You can see that the process is informal, which is problematic because scans are not archived centrally. It would be neat to have a server that accepts incoming scan results, archives them, and provides an interface to analyse scans. I don't consider this high priority, but you might want to add it as an optional task if you still have time towards the end of GSoC.
1. Achieve autonomous scanning in Exitmap with periodic scans that,
based on a certain algorithm, fetches relay descriptors and automates various subtasks for consistent data collection and verification. The main challenges that I expect will be intelligently recognizing which tasks to automate and when, and making the entire background process execution efficient in resource consumption.
This is the most important issue. A solid implementation of this would be very helpful.
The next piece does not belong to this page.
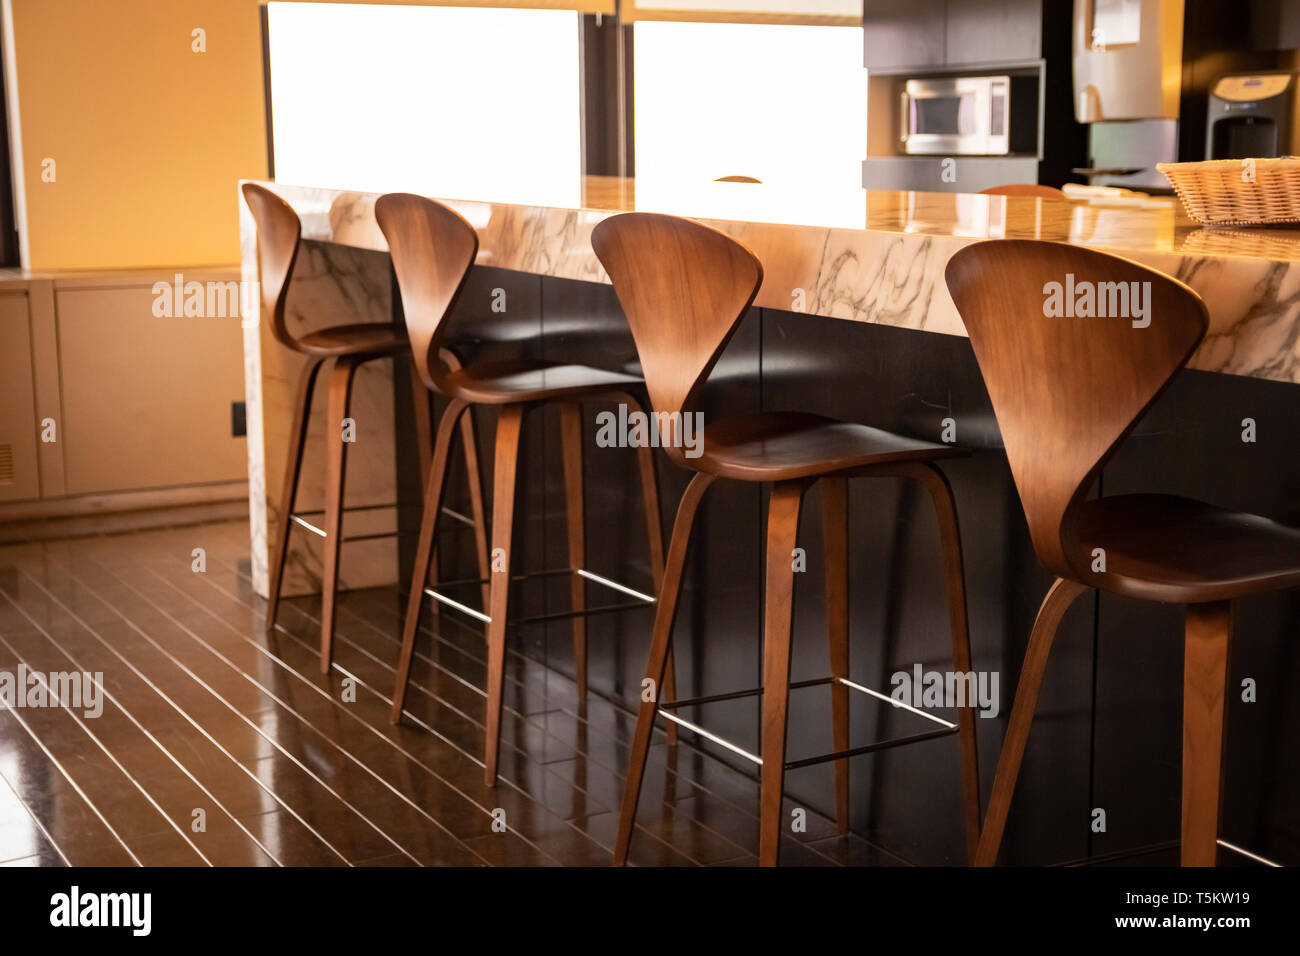 Fine wood chairs lined up at a spacious kitchen breakfast bar Stock Photo
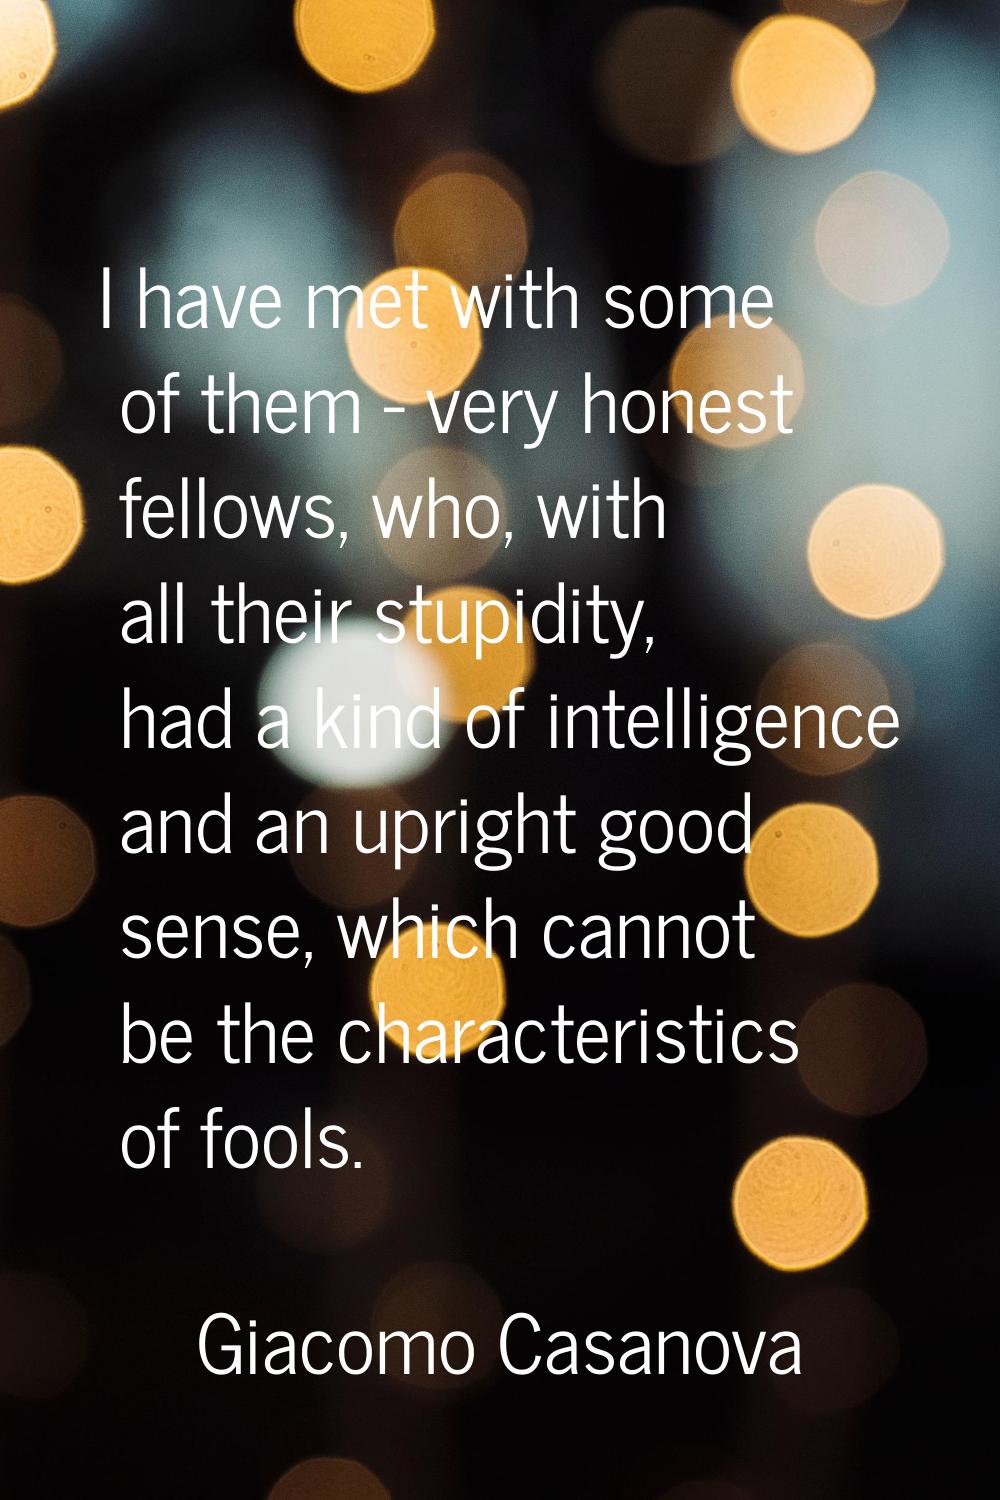 I have met with some of them - very honest fellows, who, with all their stupidity, had a kind of in

2. Emulating multiple user interaction in individual modules and in
Exitmap overall to provide indistinguishability to Exitmap from regular users. I will try to explore libraries for this purpose like Splinter with Selenium or BeautifulSoup with Requests that help dynamically interaction with the web resource. The main challenges that I expect will be to scale this automated testing alongside the running asynchronous jobs and making the entire scans look like genuine user interactions. Any suggestions on better ways to do this will be helpful.
Yes, that would be great to have. At this point, we are mimicing Tor Browser, which doesn't work that well because the HTTP headers are stored in an orderless dictionary: https://github.com/NullHypothesis/exitmap/blob/master/src/util.py#L192
3. Making the codebase more robust by adding unit test cases. I
plan on using either the plain unittest/unittest2 framework or nose/nose2/pytest tools or any other alternatives that I may find or be recommended. I plan to simultaneously write the unit test cases for new code added and improve upon the exiting testing programs.
Sounds good. For what it's worth, py.test was added in commit 63671d3f.
4. (Optional) I read from the mail threads on the tor-dev mailing
list that the code needs to be converted to be Python3 compatible. Would like your opinion on whether it is a viable option and if it is possible, would like to include this in my list of tasks.
I haven't given it a shot myself, but I cannot think of a reason why it would be hard. (Famous last words!) I would add it to the list of optional tasks.
5. (Optional) If I can spare time in the milestone timeline and if
discussion leads to some clarity, I would like to add another module for more cleartext protocols that could be implemented like SNMP or Telnet. I am also looking at possible local to remote attacks that are active at the application layer and could be tested in Exitmap. I'll update if I find anything.
Sounds good.
Cheers, Philipp